Similar moves are being considered in Britain, and in Germany, Chancellor Angela Merkel wants to reconsider plans to cap or phase out nuclear energy by 2020 amid pressure from her Social Democrat coalition allies.

Many Europeans still disapprove of nuclear energy as an acceptable form of power. According to a Euro-barometer poll in June 2005 for the European Commission, 38 percent of Germans backed nuclear power; 55 percent opposed nuclear power across the EU.

But environmental concerns, which used to be nuclear power's biggest problem, is now seen as less of a problem thanks to fears of global warming. Nuclear power emits almost no carbon dioxide emissions and with 10 of 25 EU nations set to miss their Kyoto Protocol commitments on greenhouse gases, nuclear power gets a boost.

"Nuclear is the only game in town if you are serious about cutting greenhouse gases," Ian Hore-Lacy, spokesman for the World Nuclear Association, told the Christian Science Monitor.

But nuclear power brings its own problems beyond the fears of accidents like the Chernobyl disaster.

"Nuclear power produces tons of radioactive waste that costs billions to store and will pose a risk to humans for thousands of years after disposal," Norman Baker, the environment spokesman for Britain's Liberal-Democrat party, told BBC News.

Still, political considerations caused by Russia's decision earlier this month has given room to pause.

The dispute between Moscow and Kiev is still not over.
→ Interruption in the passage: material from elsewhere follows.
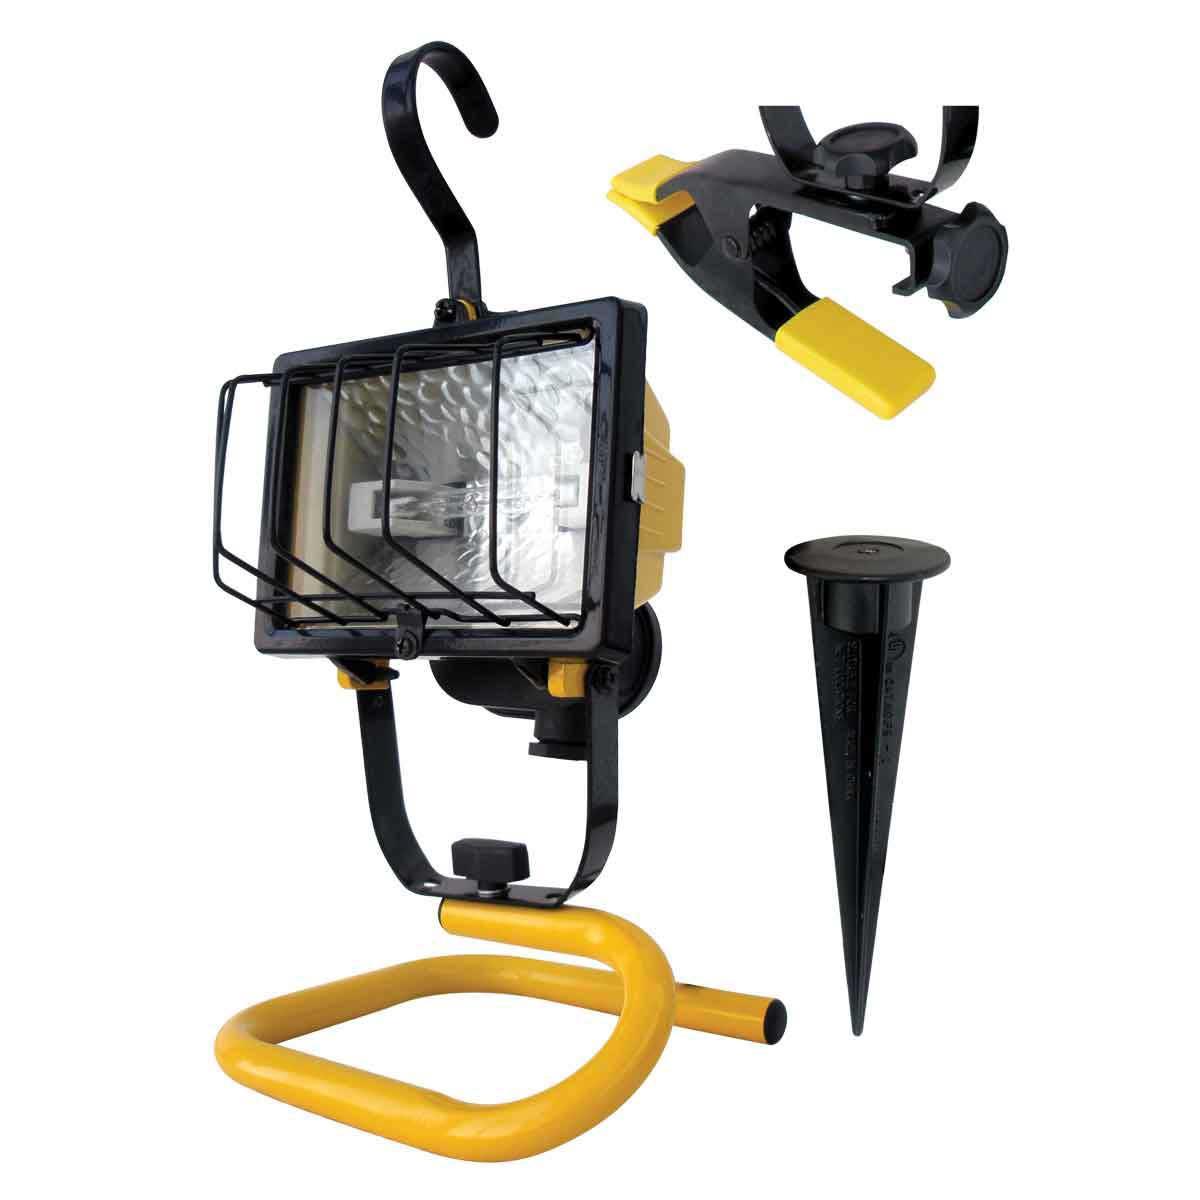 voltec 250 watt heavy duty tripod clamp light

A negotiated deal between the two governments was thrown into confusion Tuesday when Ukraine's parliament passed a vote of no confidence in the prime minister who handled the negotiations.
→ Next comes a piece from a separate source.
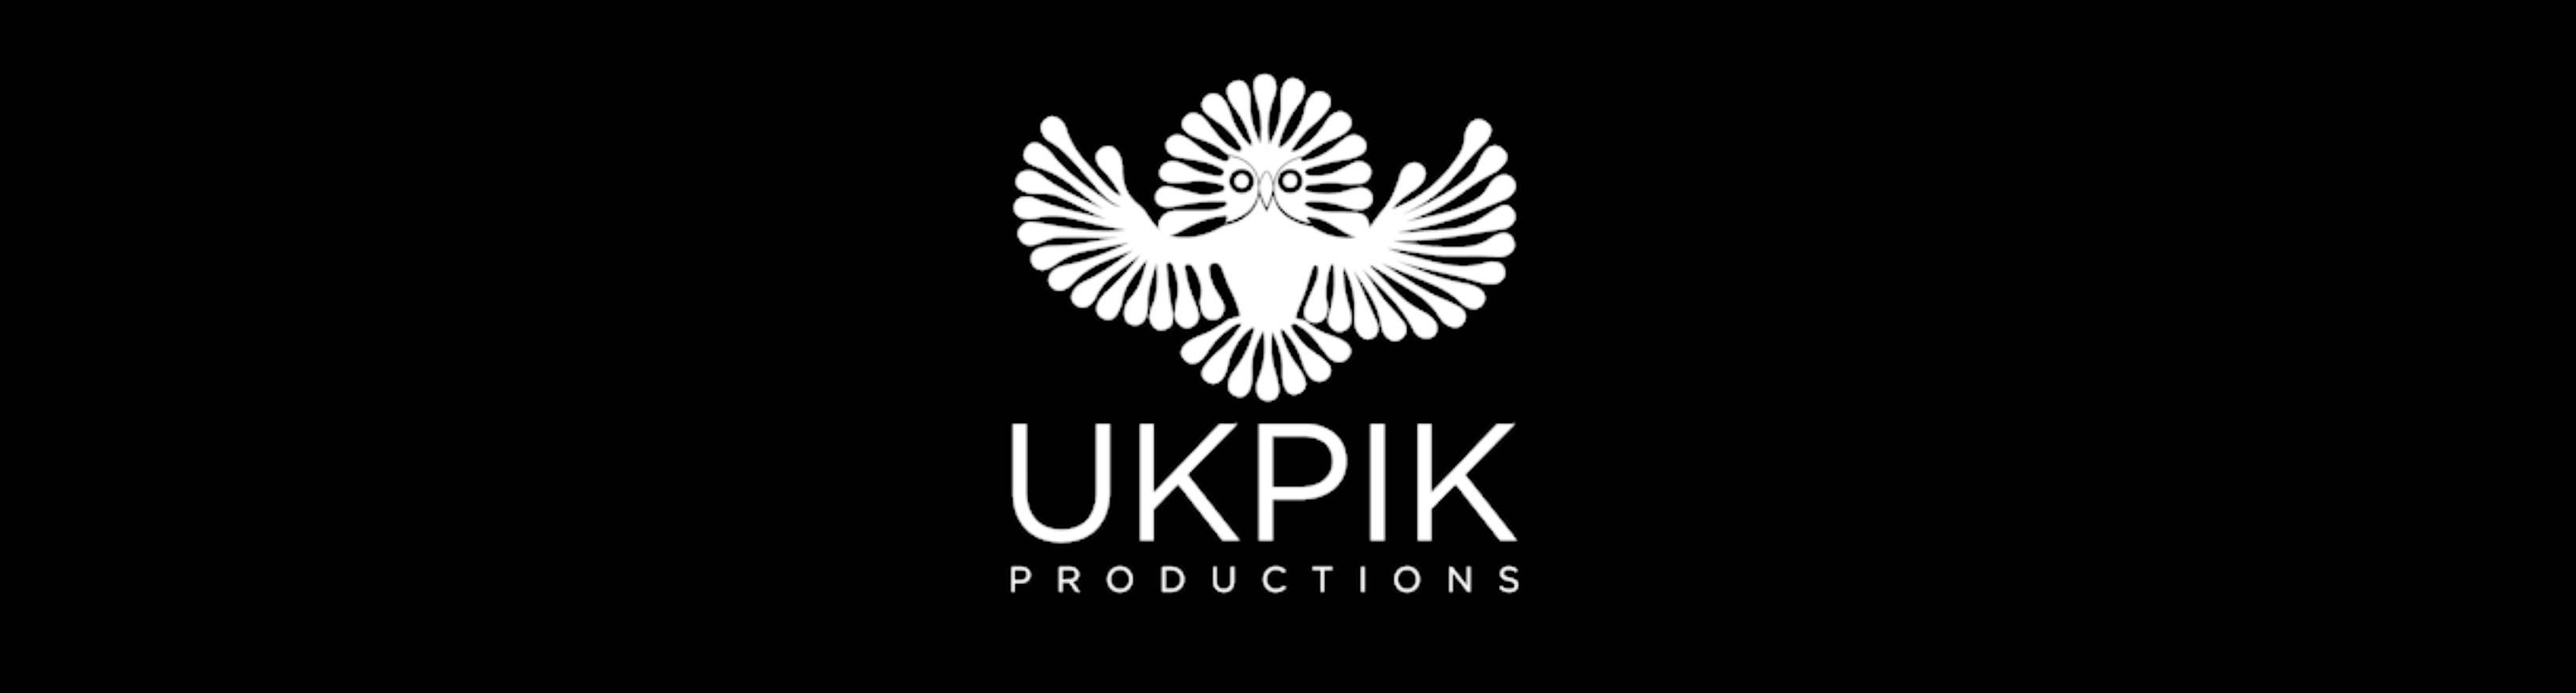 ukpik-productions-audiovisual-postproducción-logo-productora-audiovisual-valencia

Sergey Kupriyanov, a spokesman for Gazprom's chief executive officer, also announced Monday that each 1,000 cu. meters of gas exported to Europe will now cost an average of $250. This price increase has nations worried over how to pay for energy costs, which in many cases are doubling.

Gazprom, for example, is now insisting Moldova buy Russian gas supplies for $160, double what the poorest nation in Europe now pays.

That "is not a market price for Moldova where the joint Moldovan-Russian venture, Moldovagaz, operates and where the joint gas business enjoys a number of privileges," Moldovan President Vladimir Voronin argued in Russia's Kommersant newspaper.

These moves highlight the need for a diversified energy plan across Europe, which would include multiple suppliers of energy and alternative sources.

"This serves to illustrate the importance of a diverse energy portfolio to a nation's energy security," Steve Kerekes, a spokesman from the Nuclear Energy Institute in Washington, told United Press International.

The 1986 Chernobyl accident, which took place in Ukraine when it was still part of the Soviet Union, frightened Europe into rejecting nuclear power.

Two of the four nuclear power plants at Chernobyl have been out of action since the disaster, 20 years ago in March. But Ukraine electricity supplies still depend on the two that are still in operation, despite efforts by the EU to persuade Ukraine to scrap the plants, built with controversial Soviet-era technology.

No new nuclear power station was built after Chernobyl and in Germany and Sweden governments pledged to close down their existing nuclear plants. These promises are now being reviewed as energy costs hit $60 a barrel for oil, and as fears of global warming from the burning of fossil fuels make "clean" nuclear energy seem more attractive.

Thrust into the energy wars brought by uncertain markets and supply shocks, a healthy debate must ensue across Europe as to the best way to prepare for future disruptions, experts say.

"I think folks have to realize there is a byproduct from nuclear generation," Kerekes told UPI. "It is very compact though from the amount of power it provides."

Kerekes went on to frame how he feels the debate over nuclear power, and a diverse energy supply in particular, should proceed.

"The political and business leaders in those countries must advocate diverse energy so folks are not beholden to foreign sources of energy and the volatility of energy markets," he said.